▶ _Your objective_:
Copy out each record that follows exactly, and omit any picture you find.

[Provided material — start]

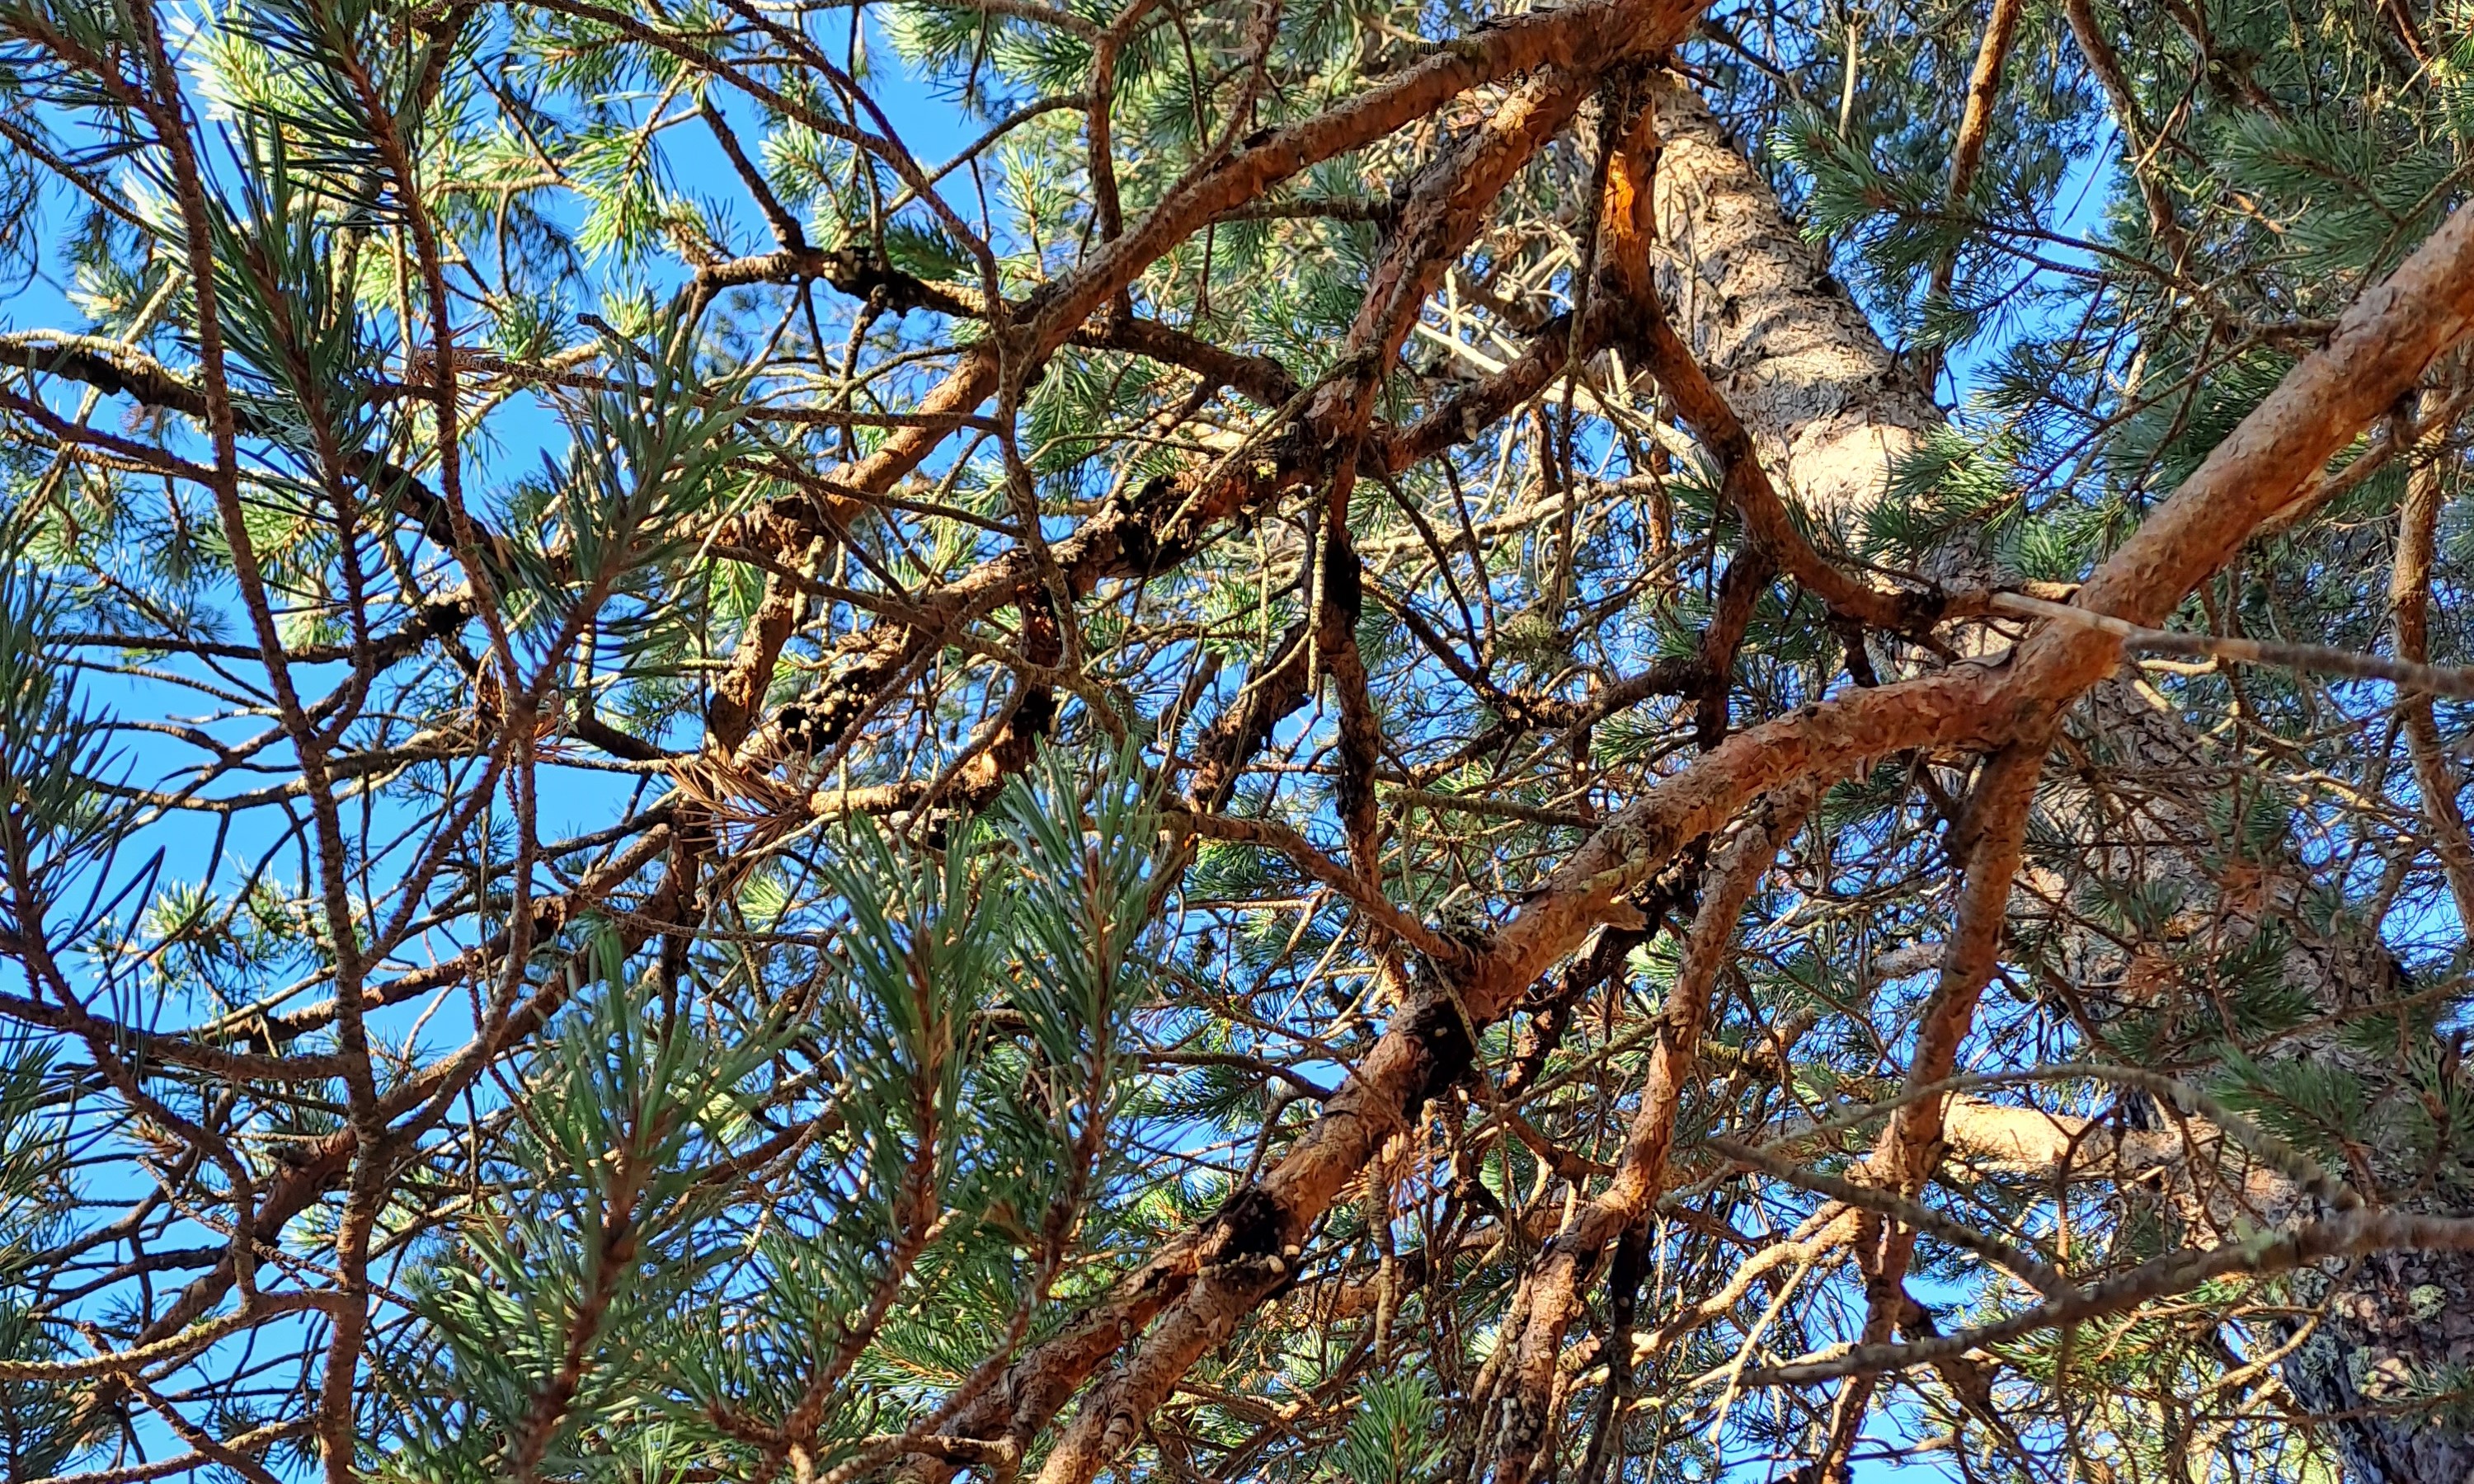 Curreya pithyophila on branches
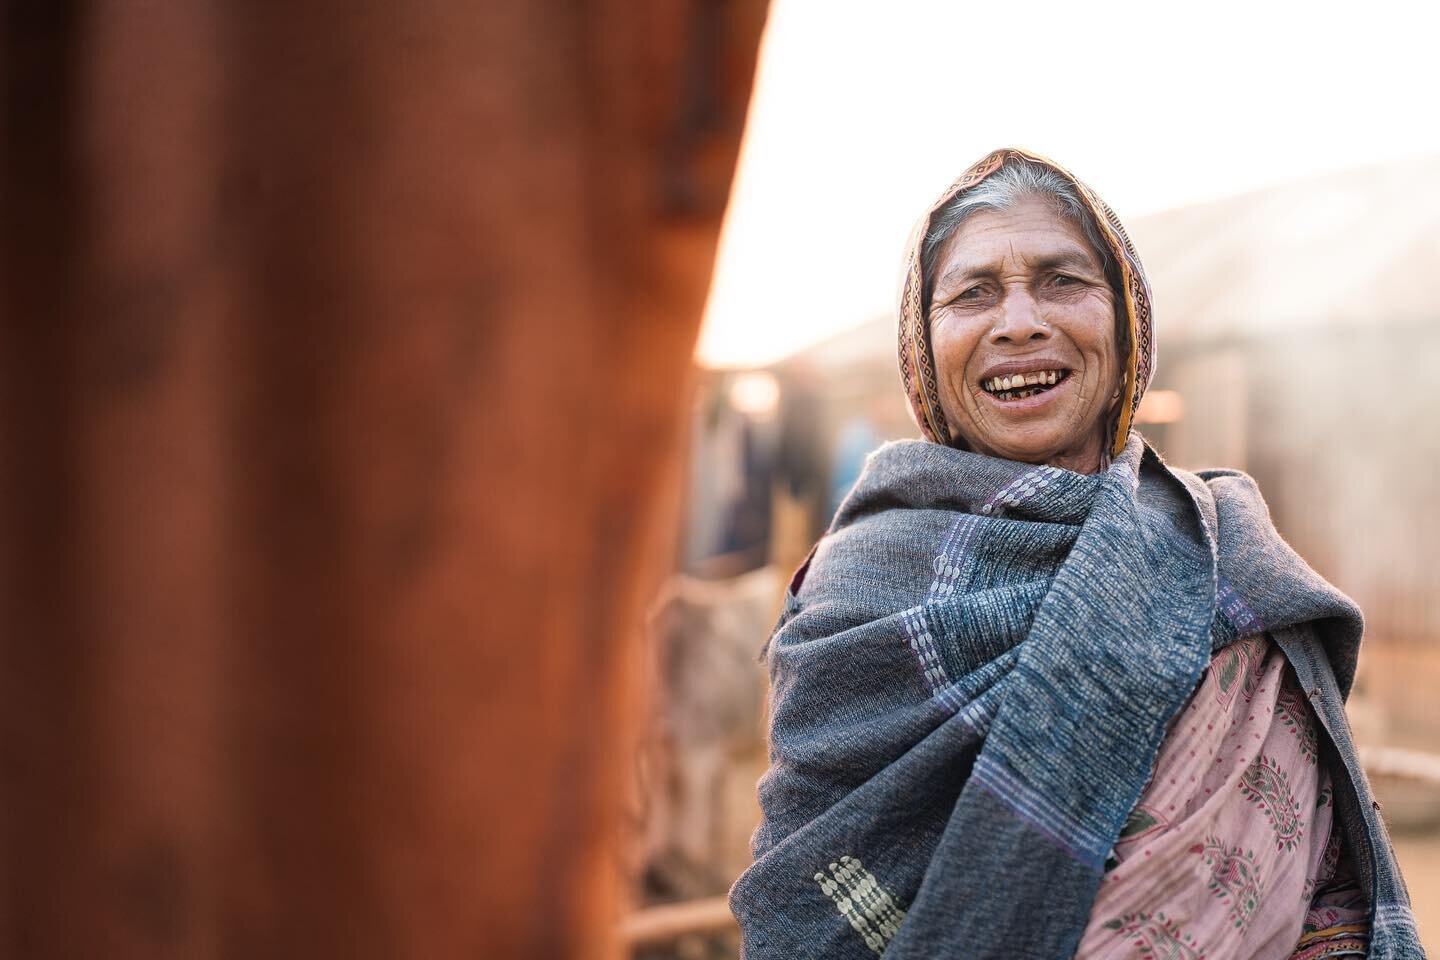 Grandma from Gaibandha 🇧🇩 

Photo by @nihab_rahman

#nihabrahman
#bandarban
#bangladeshstories
#humansofbangladesh
__________________
#chittagong #chittagonghilltracks #humanitarianaid  #humaninterest
#unhcr_bgd #unicefbangladesh  #coxsbazar #aidwo
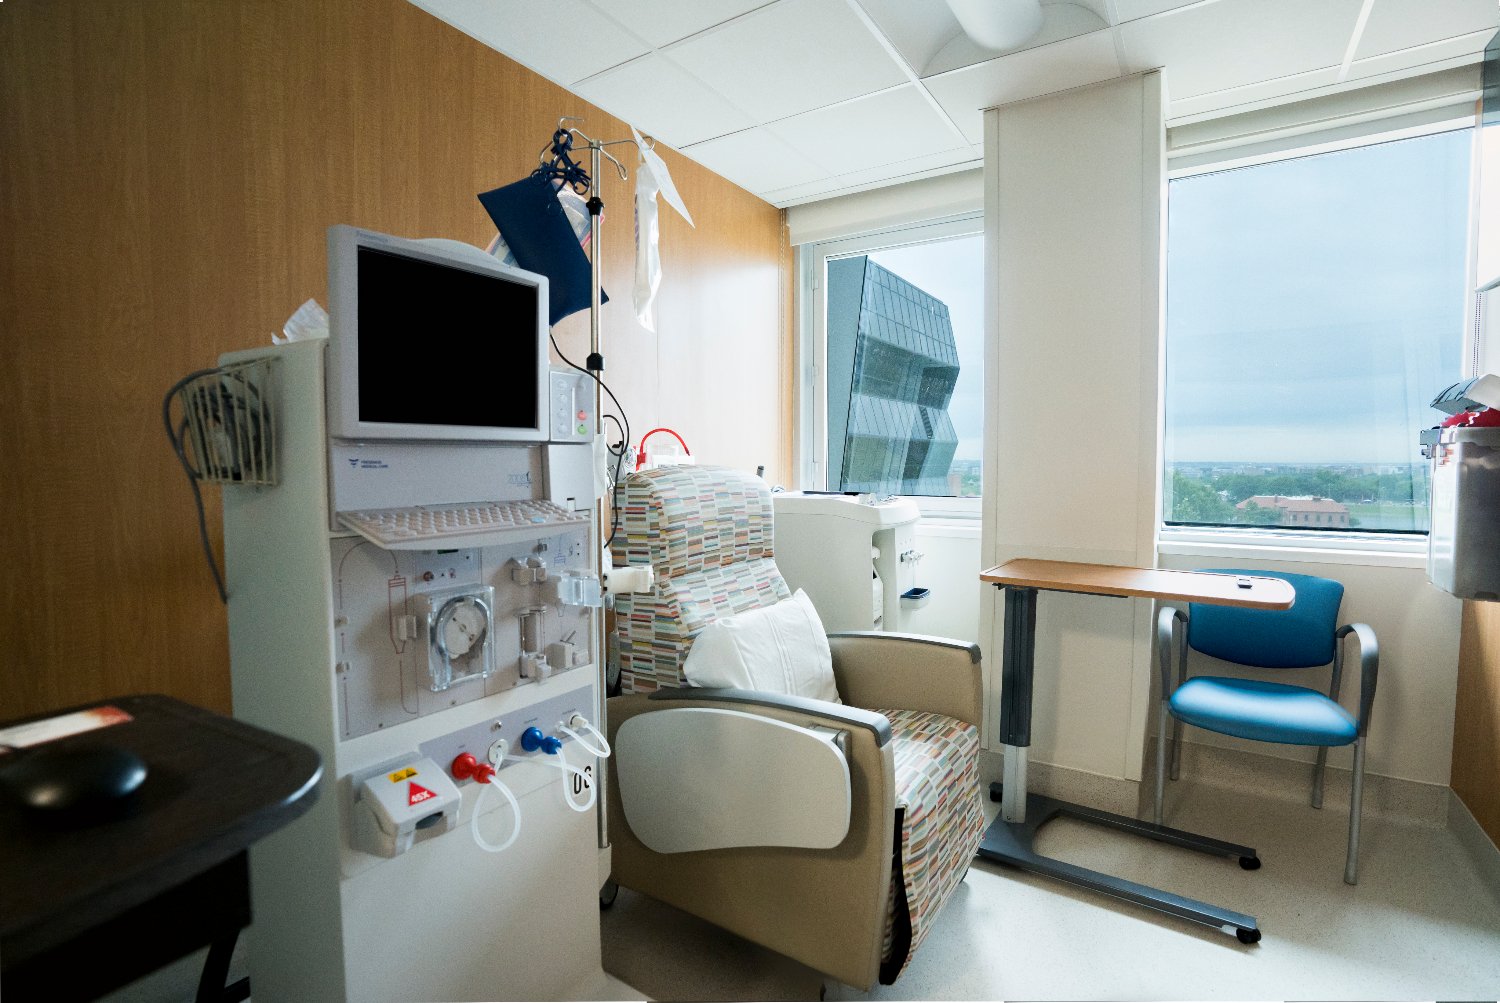 Dialysis clinic equipment
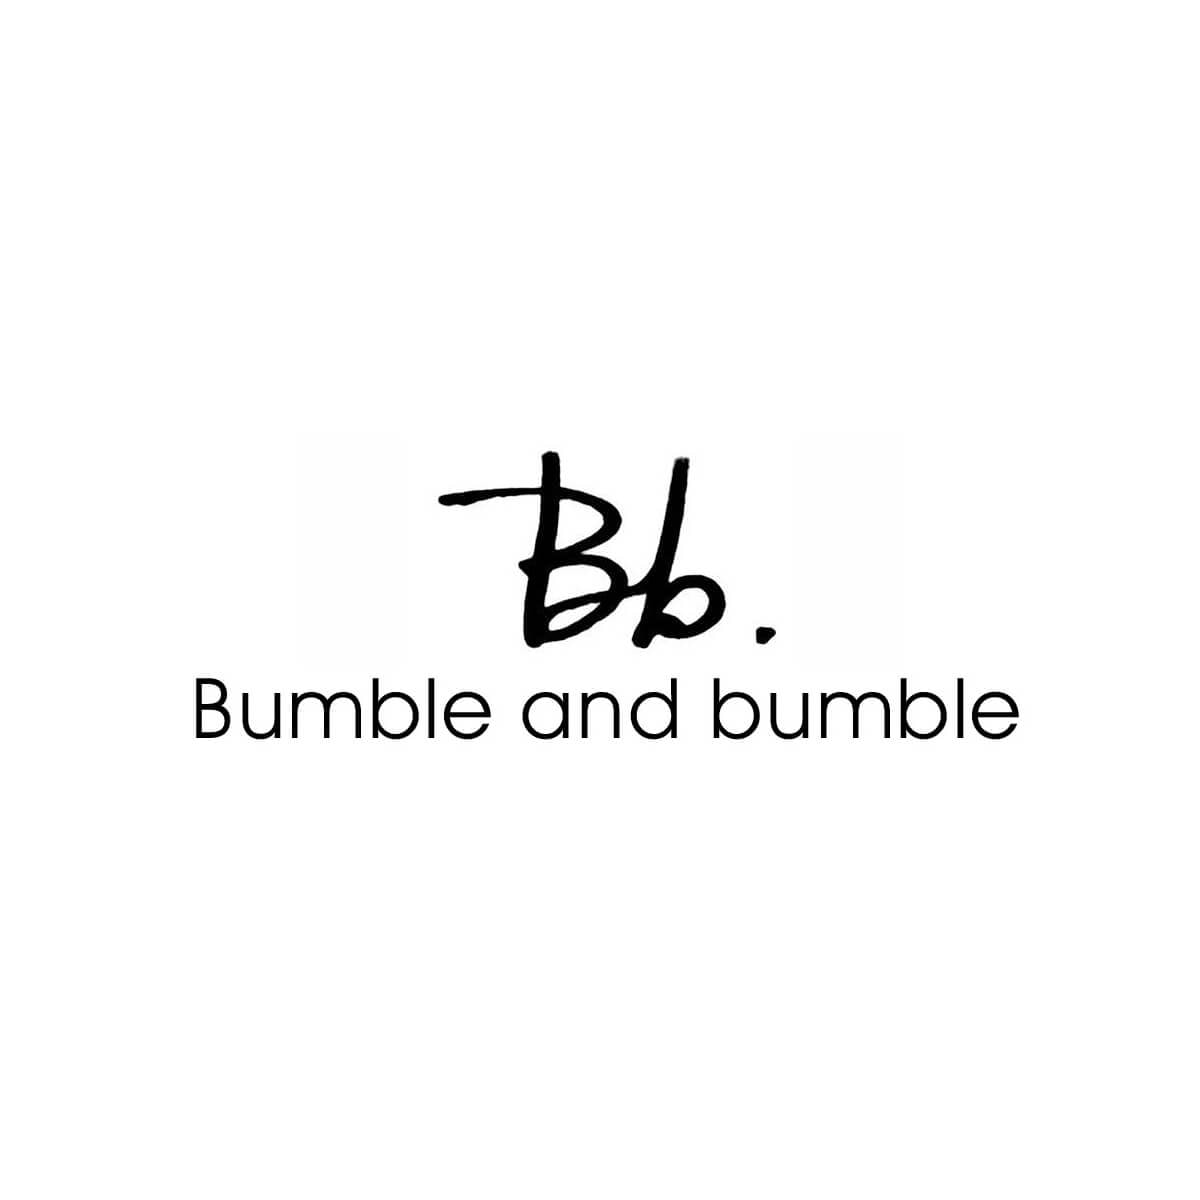 Hair Product Bumble and Bumble logo

[Provided material — finish]

▶ _Solution below_:
 Curreya pithyophila on branches
 Grandma from Gaibandha 🇧🇩 

Photo by @nihab_rahman

#nihabrahman
#bandarban
#bangladeshstories
#humansofbangladesh
__________________
#chittagong #chittagonghilltracks #humanitarianaid  #humaninterest
#unhcr_bgd #unicefbangladesh  #coxsbazar #aidwo
 Dialysis clinic equipment
 Hair Product Bumble and Bumble logo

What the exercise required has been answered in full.